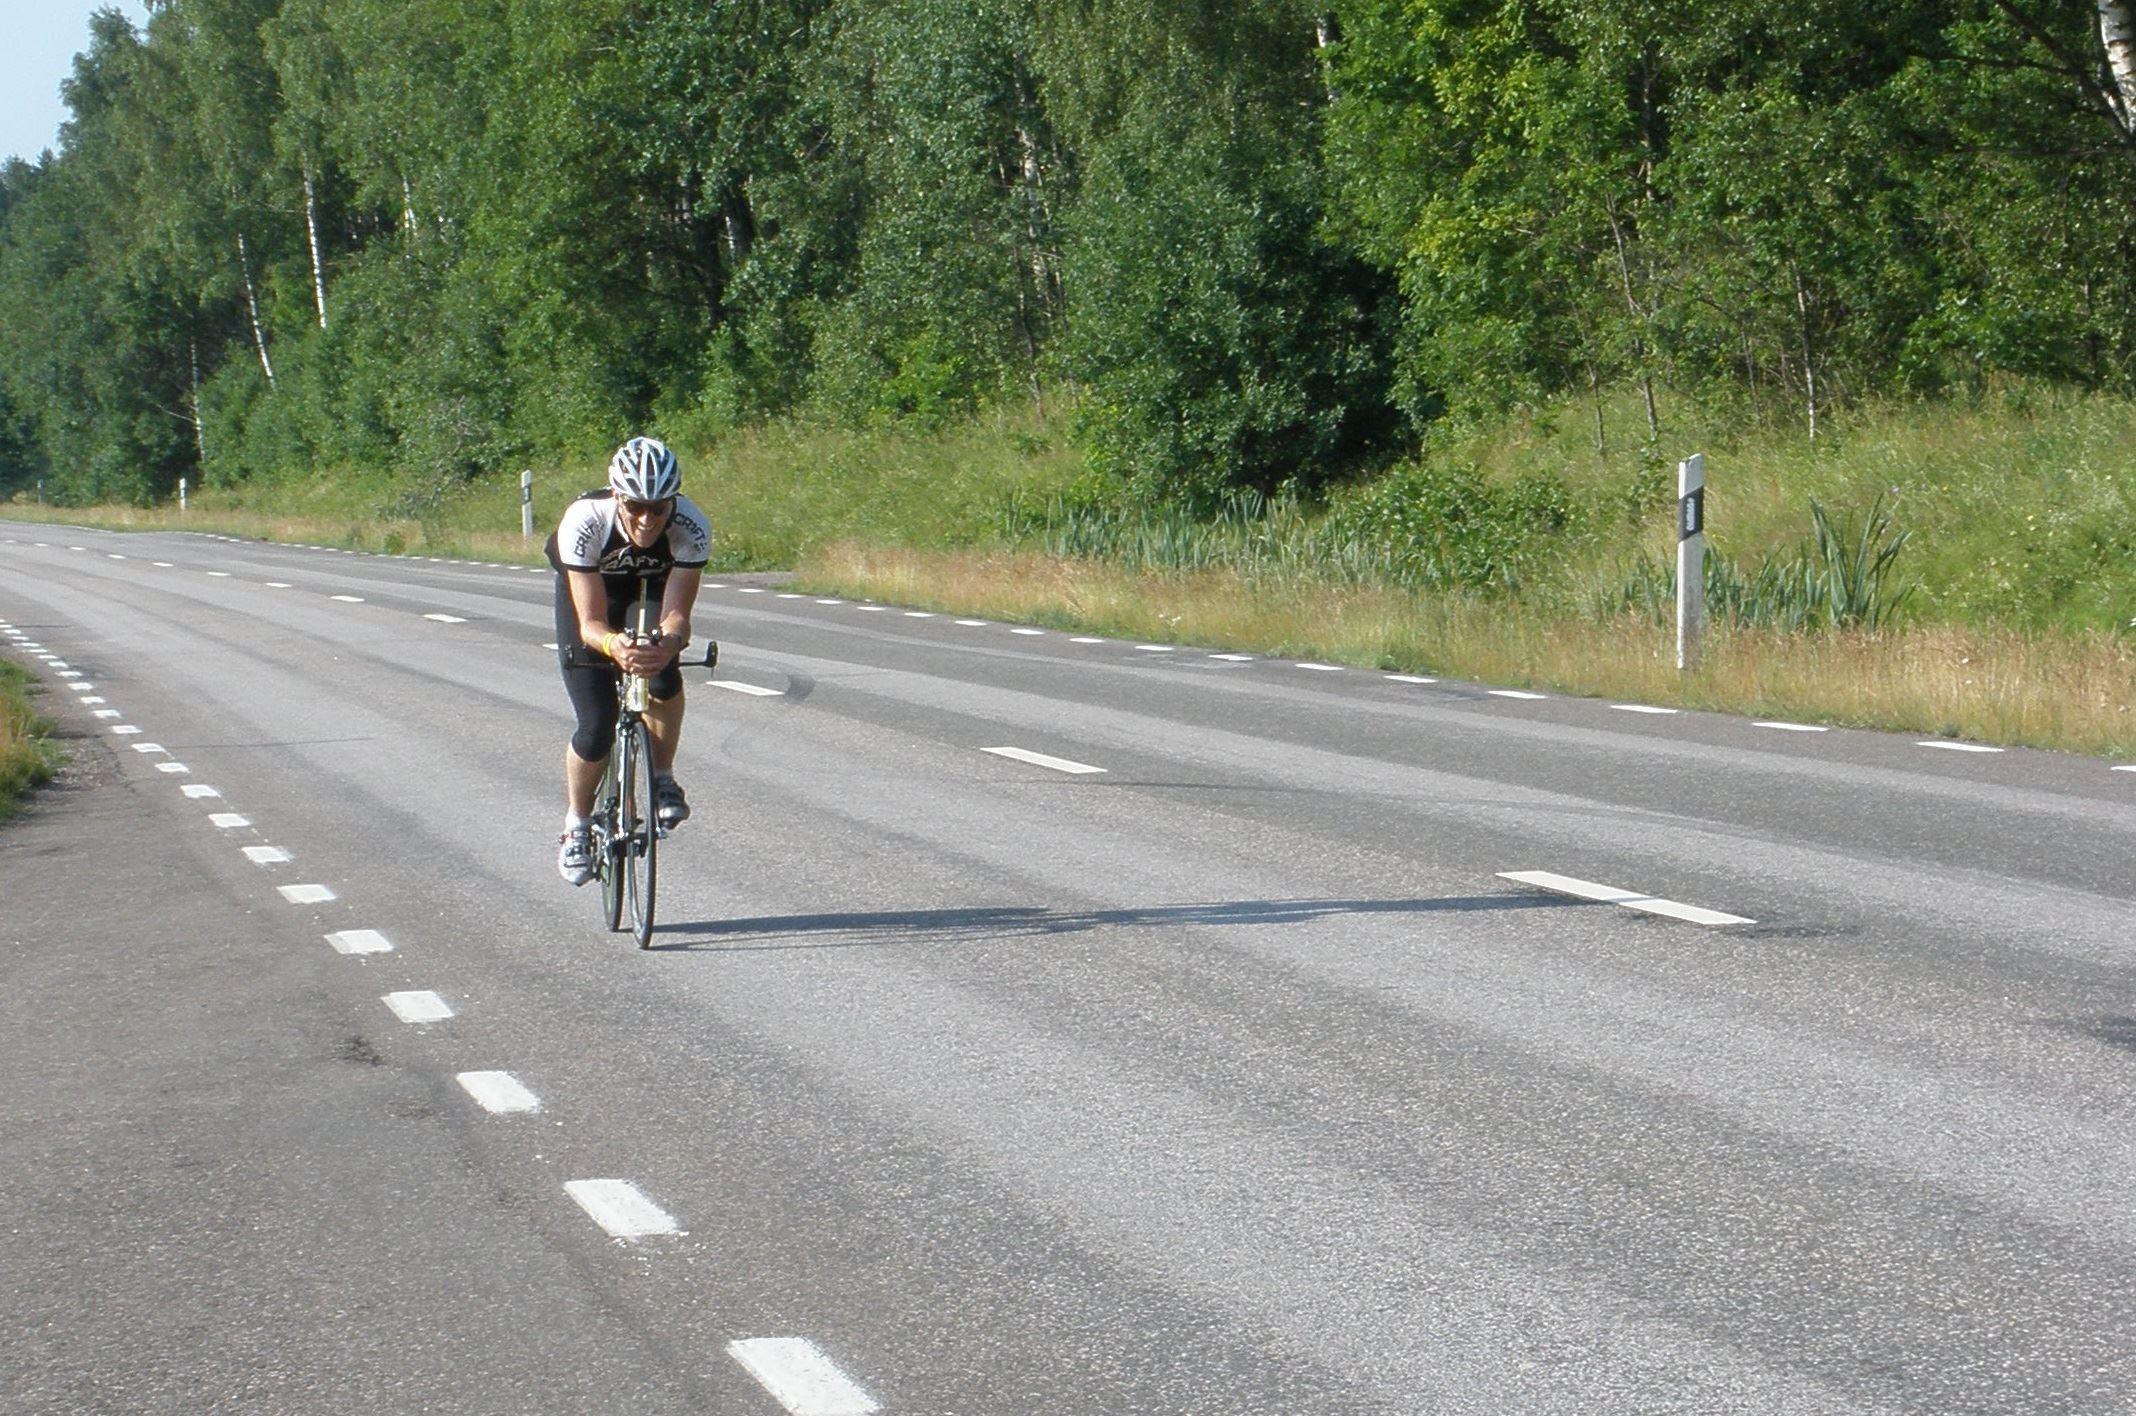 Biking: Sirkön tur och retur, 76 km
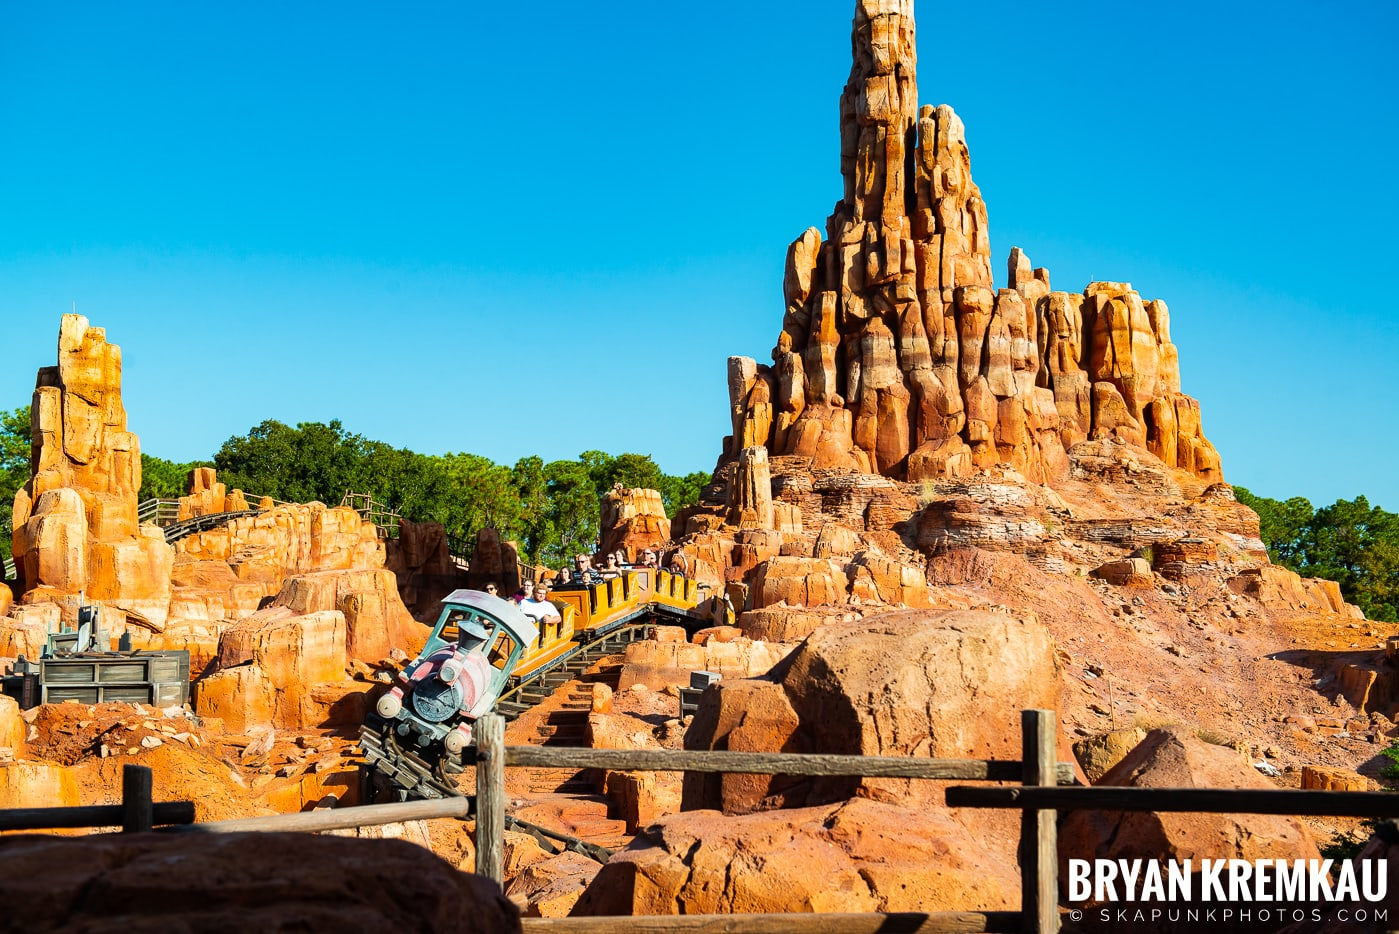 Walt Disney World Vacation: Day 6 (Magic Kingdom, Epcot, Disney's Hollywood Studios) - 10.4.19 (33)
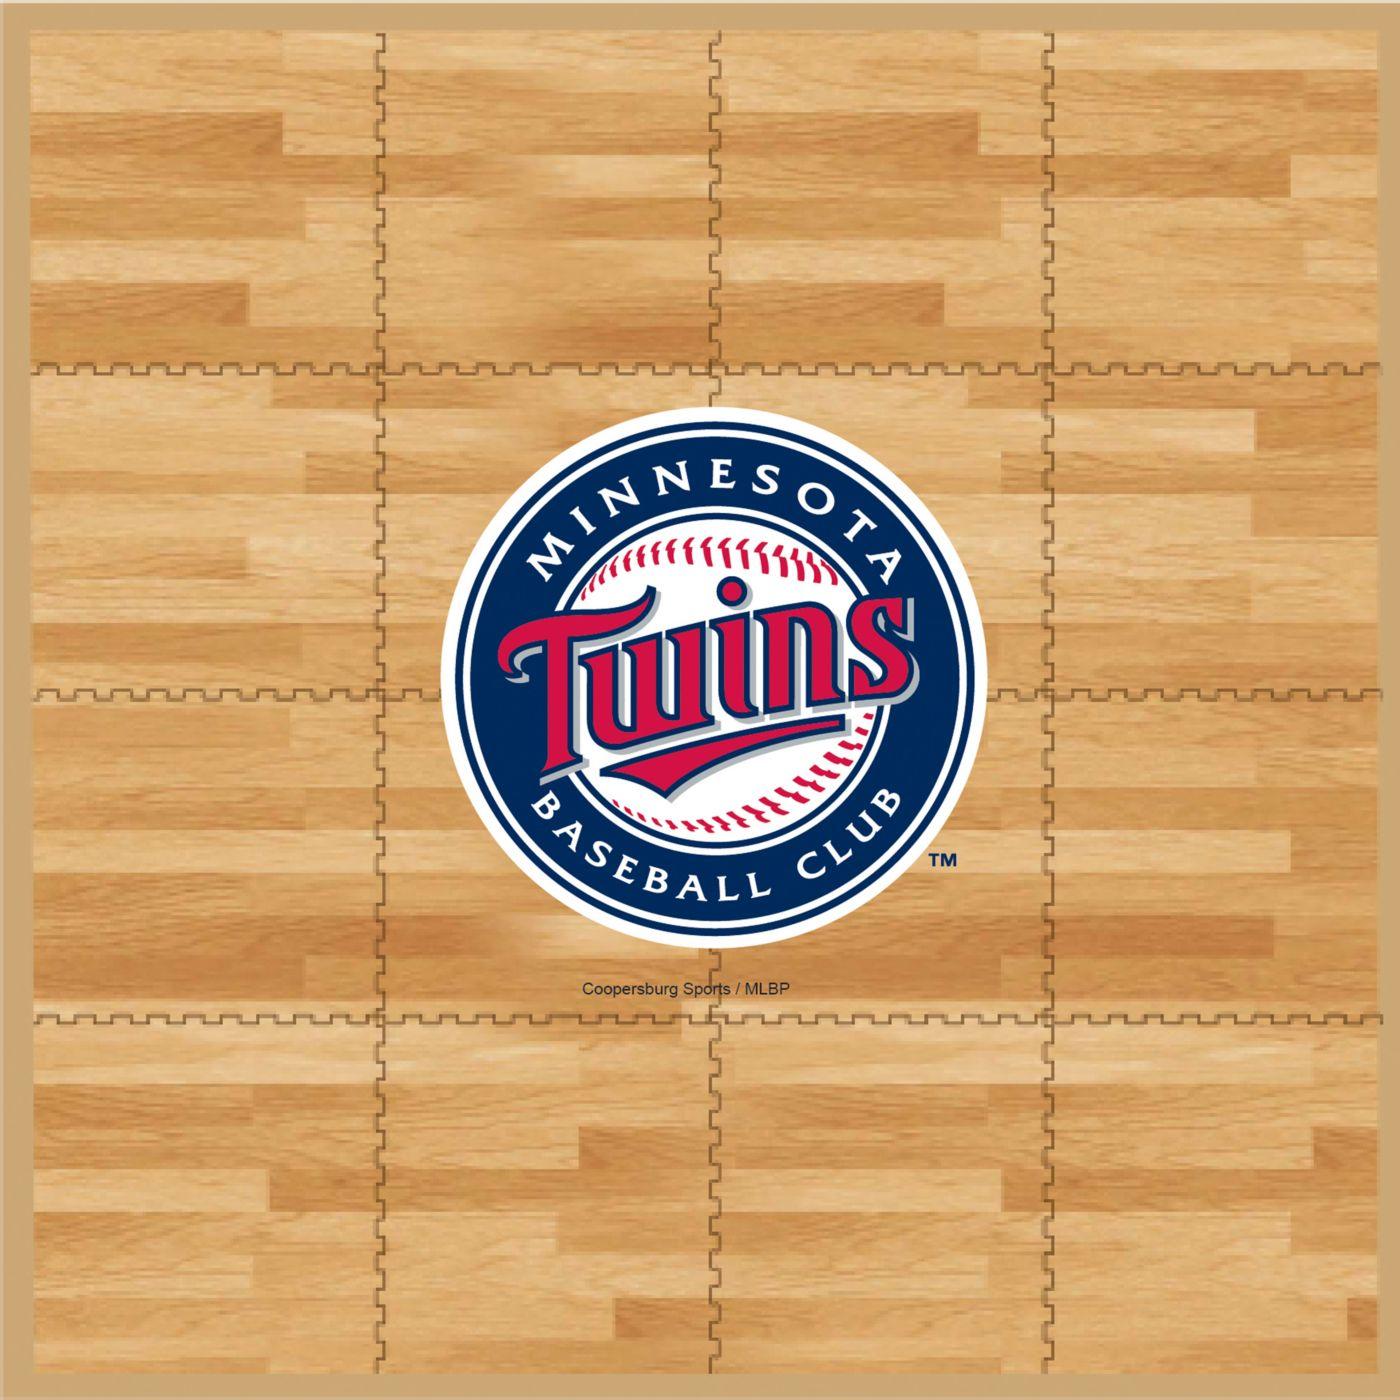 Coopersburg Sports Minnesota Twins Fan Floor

== WHAT TO WORK ON ==
The material should be duplicated word for word, with no images included.

== TASK OUTPUT ==
 Biking: Sirkön tur och retur, 76 km
 Walt Disney World Vacation: Day 6 (Magic Kingdom, Epcot, Disney's Hollywood Studios) - 10.4.19 (33)
 Coopersburg Sports Minnesota Twins Fan Floor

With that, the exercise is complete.